Copy verbatim the span of lines beginning at the line that contains "Energielabel Old Hickoryplein" and ending with the final line of the data. Exclude pictures from the copy.

Segment Start: Exercise materials

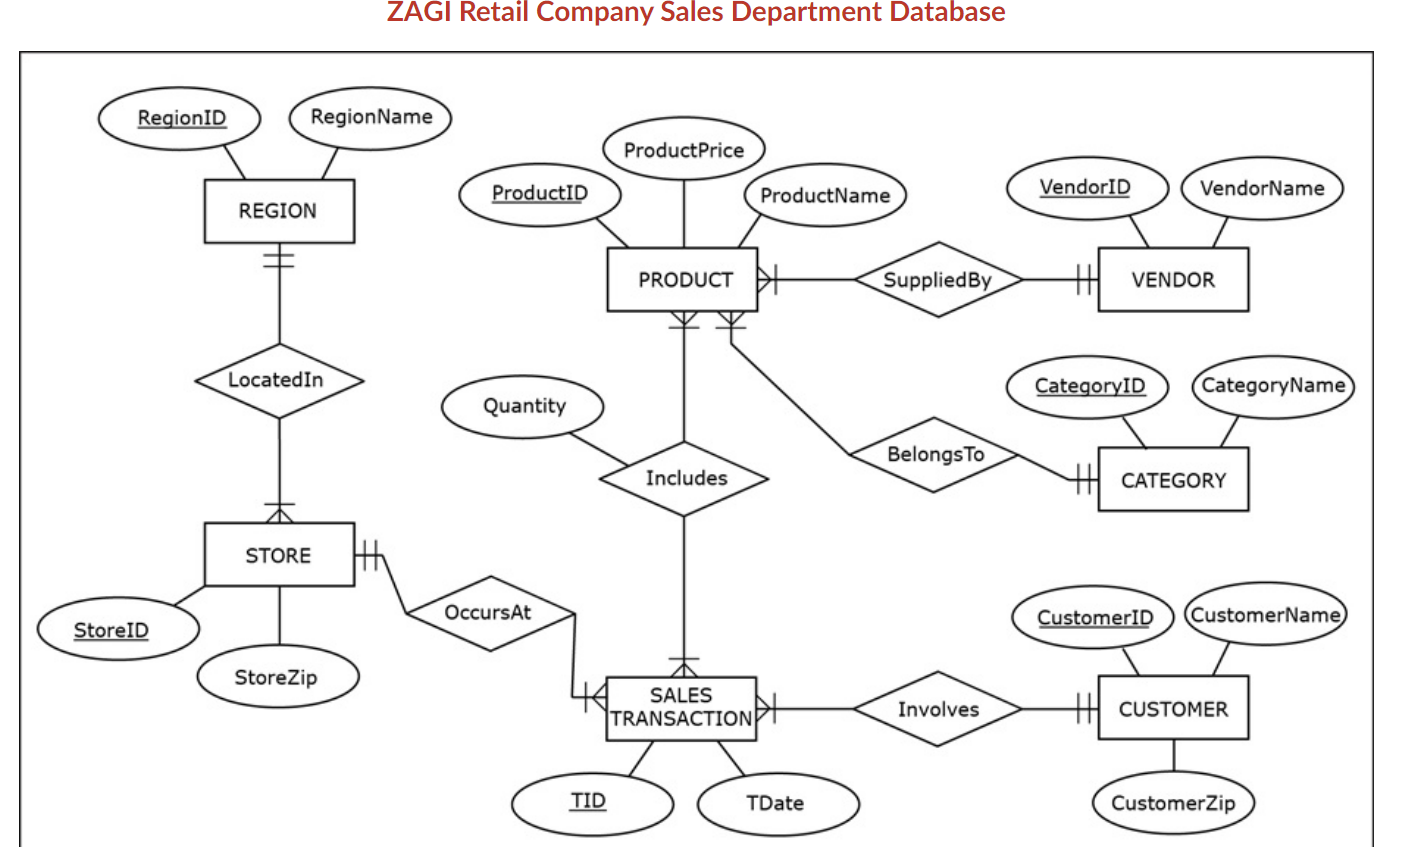 ZAGI Retail Company Sales Department Database | Chegg.com
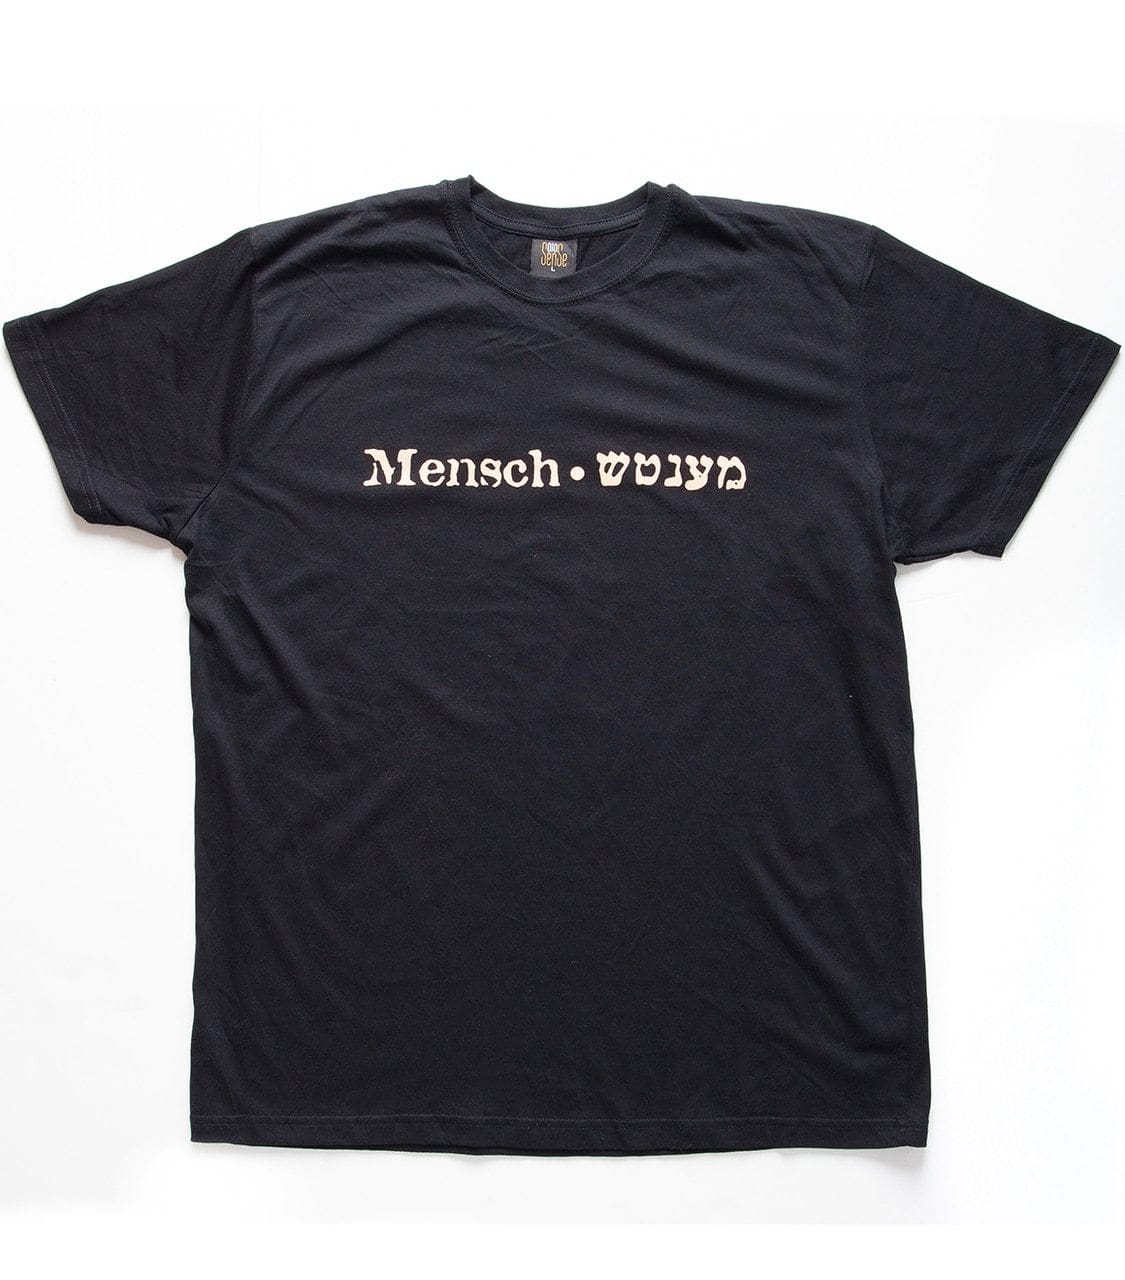 Barbara Shaw T-Shirts Mensch Yiddish T-shirt
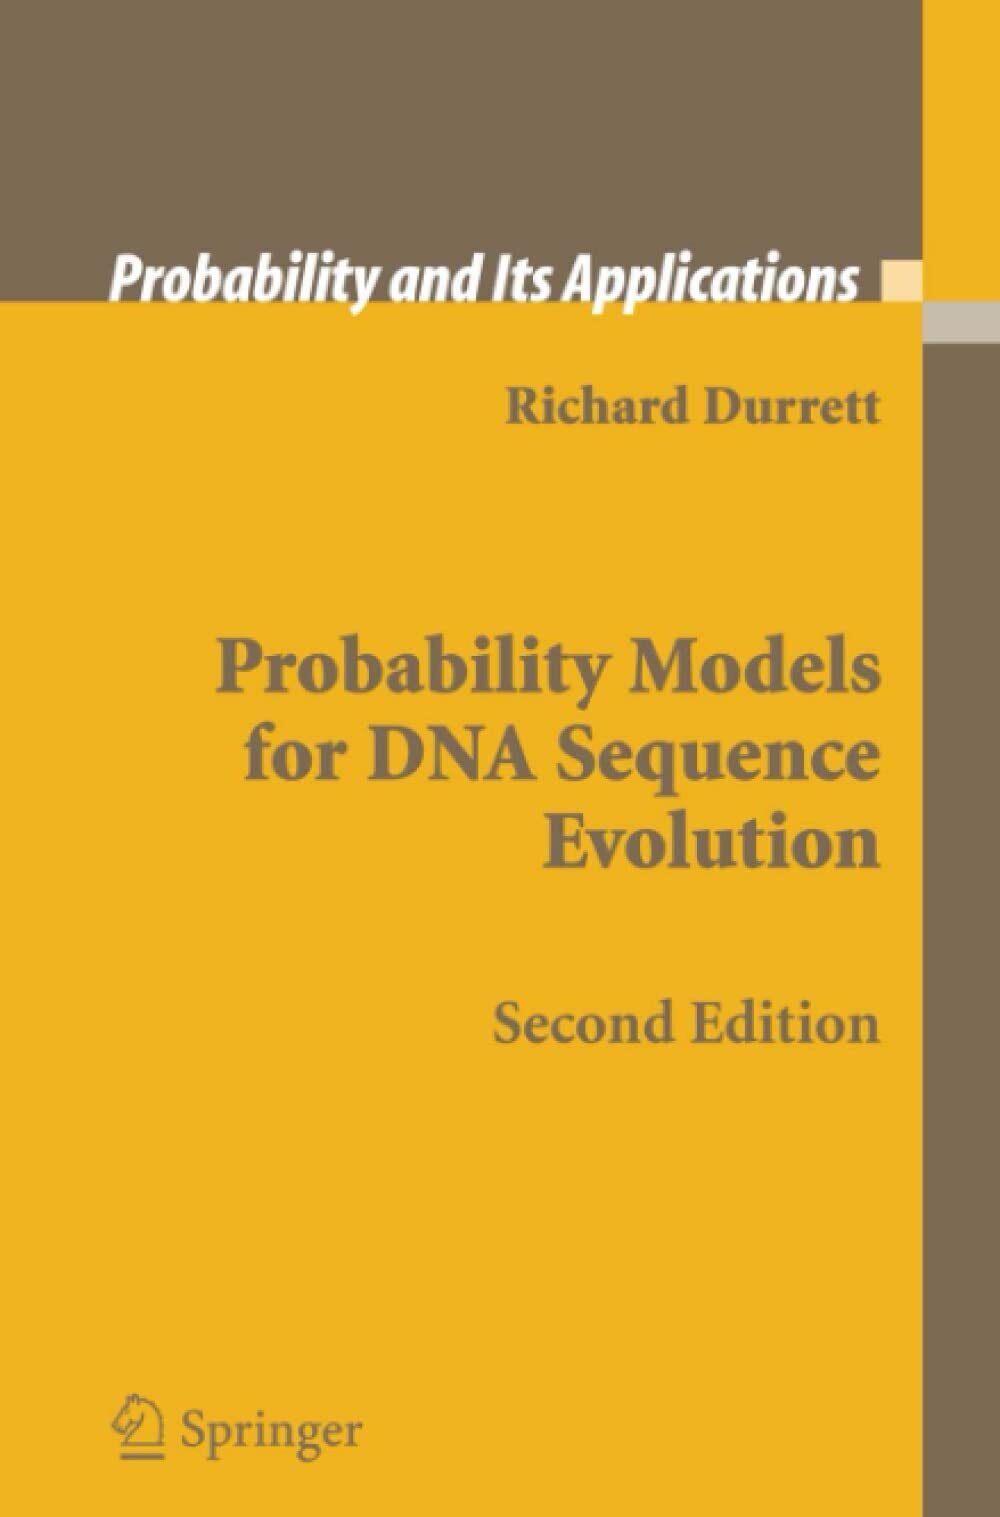 Probability Models for DNA Sequence Evolution - Richard Durrett - Springer, 2010 libro usato
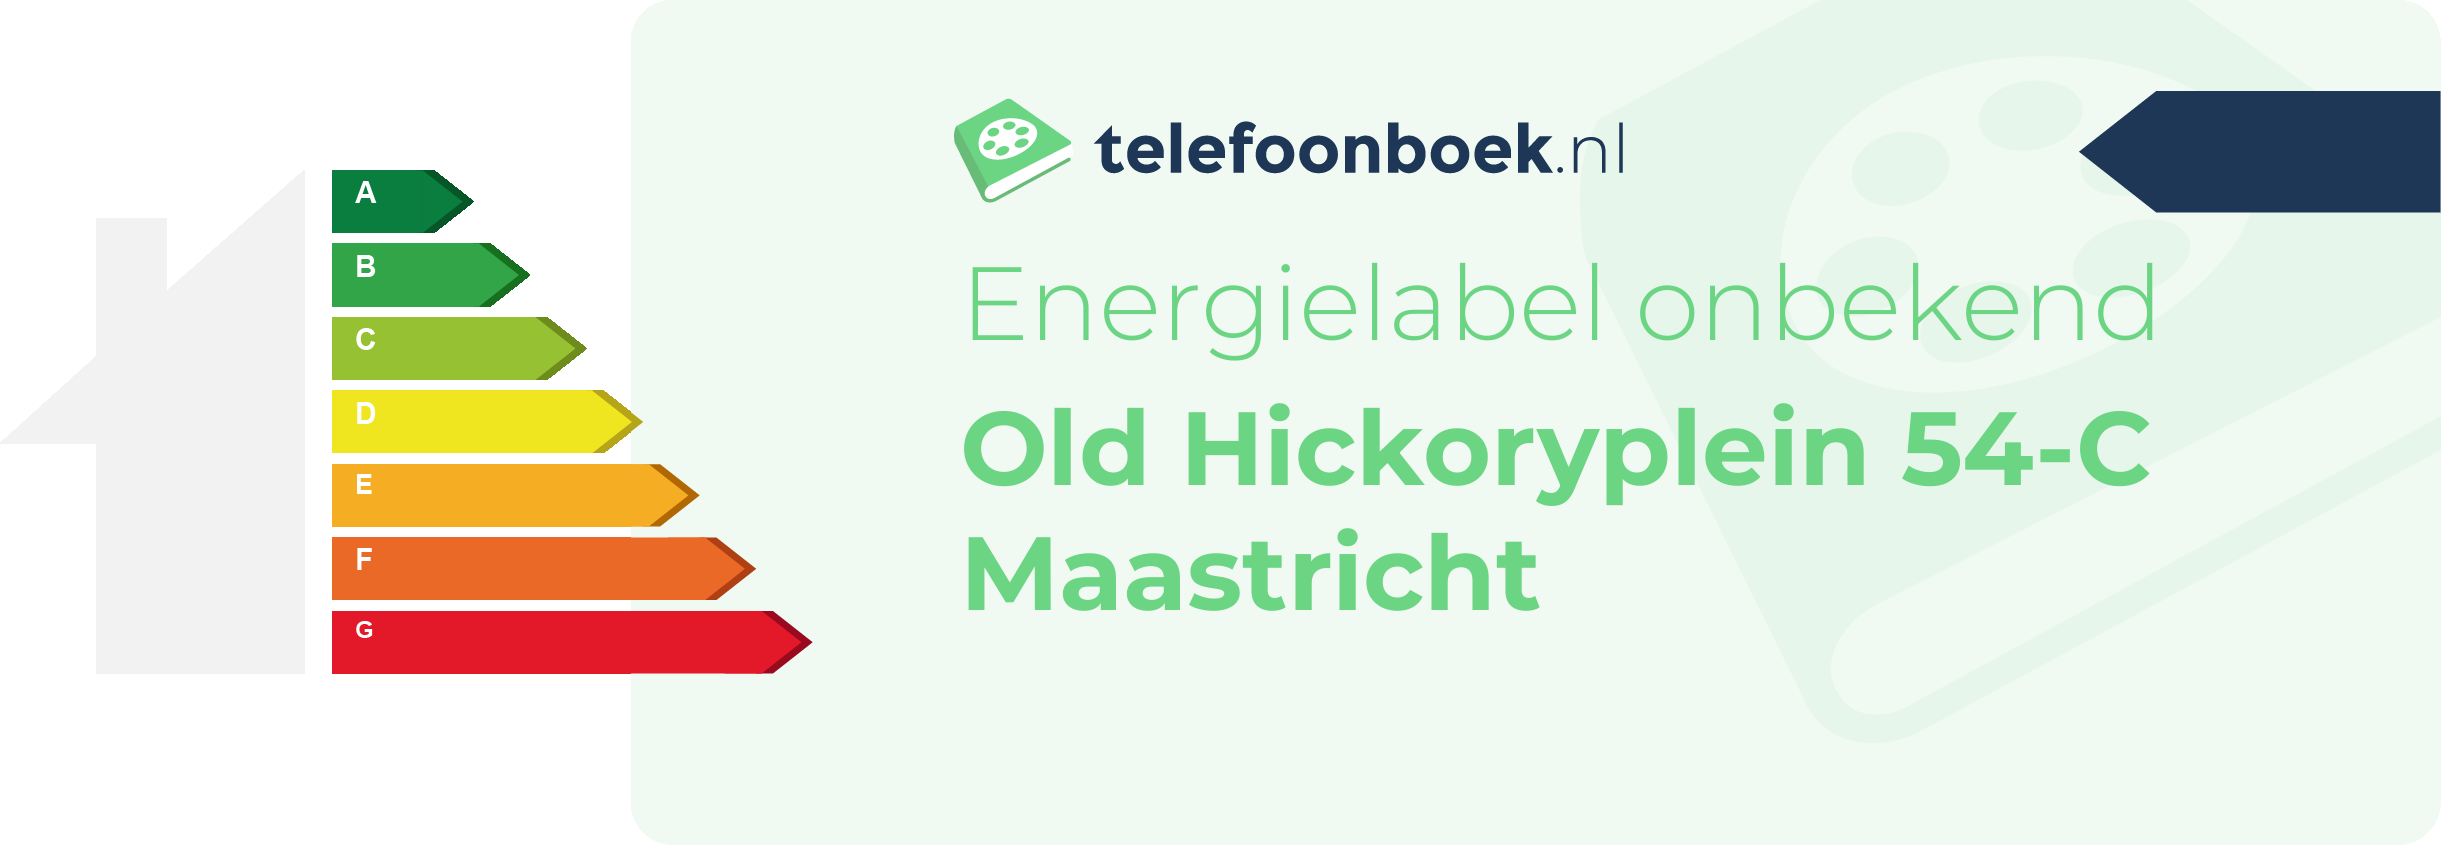 Energielabel Old Hickoryplein 54-C Maastricht
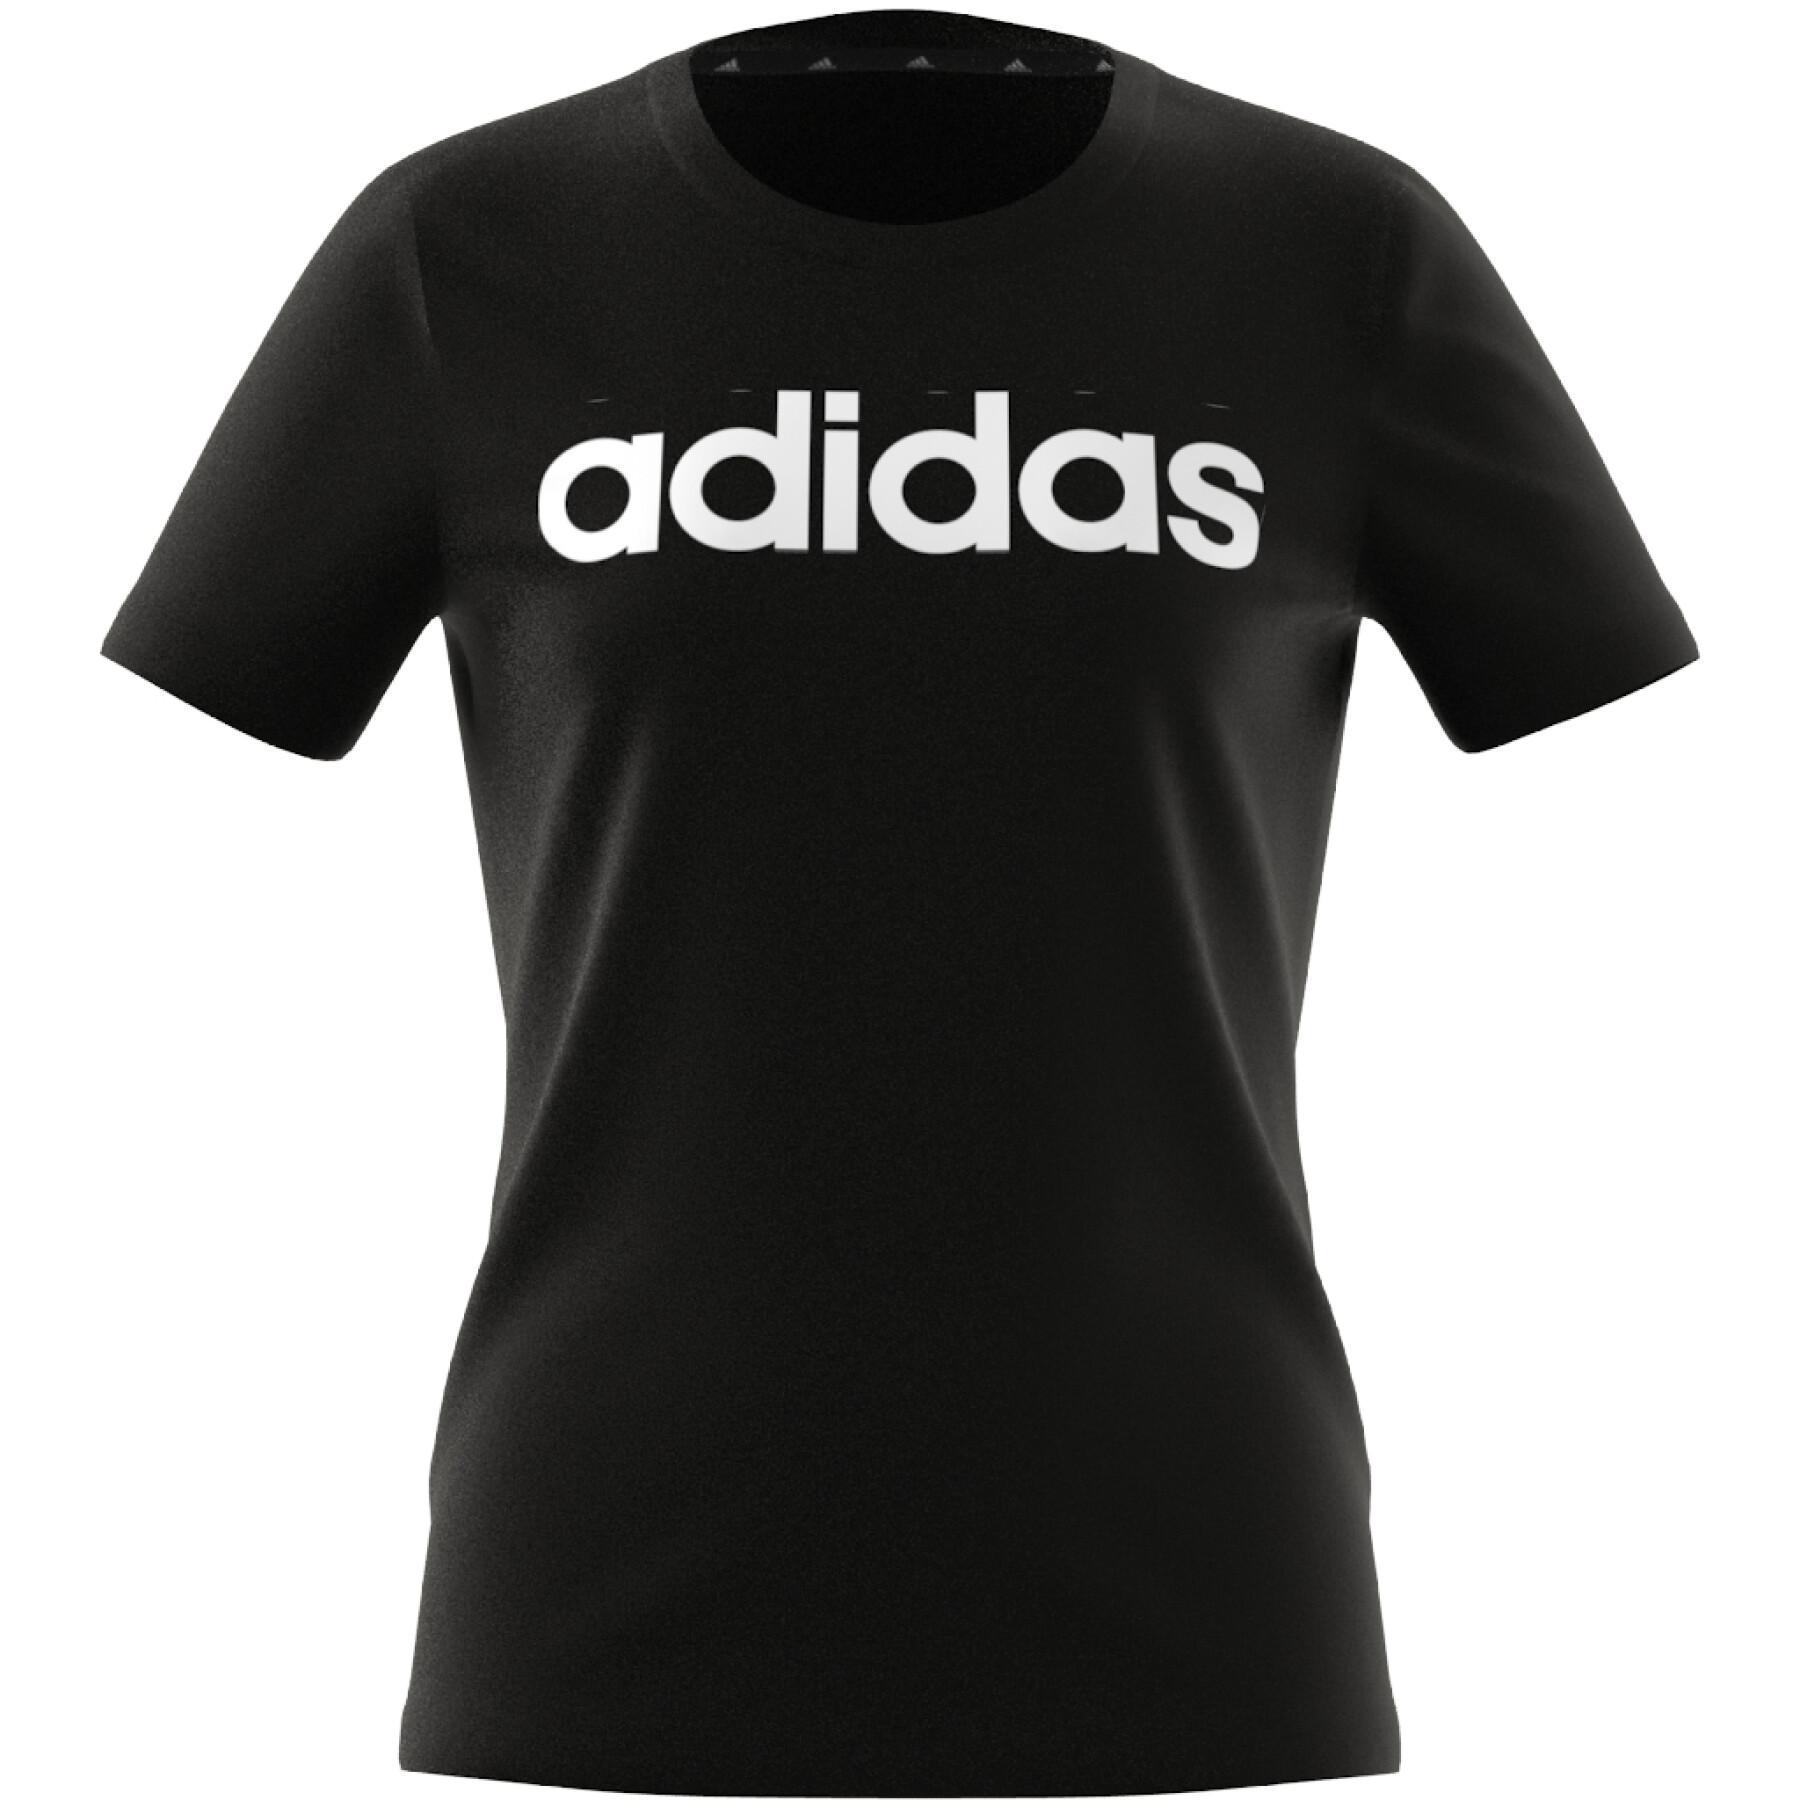 t-shirt polos - Logo Girl\'s logo adidas wear Essentials Handball - T-shirts cotton - and Linear Textile

Segment End: Exercise materials

_Exercise result_:
 Energielabel Old Hickoryplein 54-C Maastricht
 t-shirt polos - Logo Girl\'s logo adidas wear Essentials Handball - T-shirts cotton - and Linear Textile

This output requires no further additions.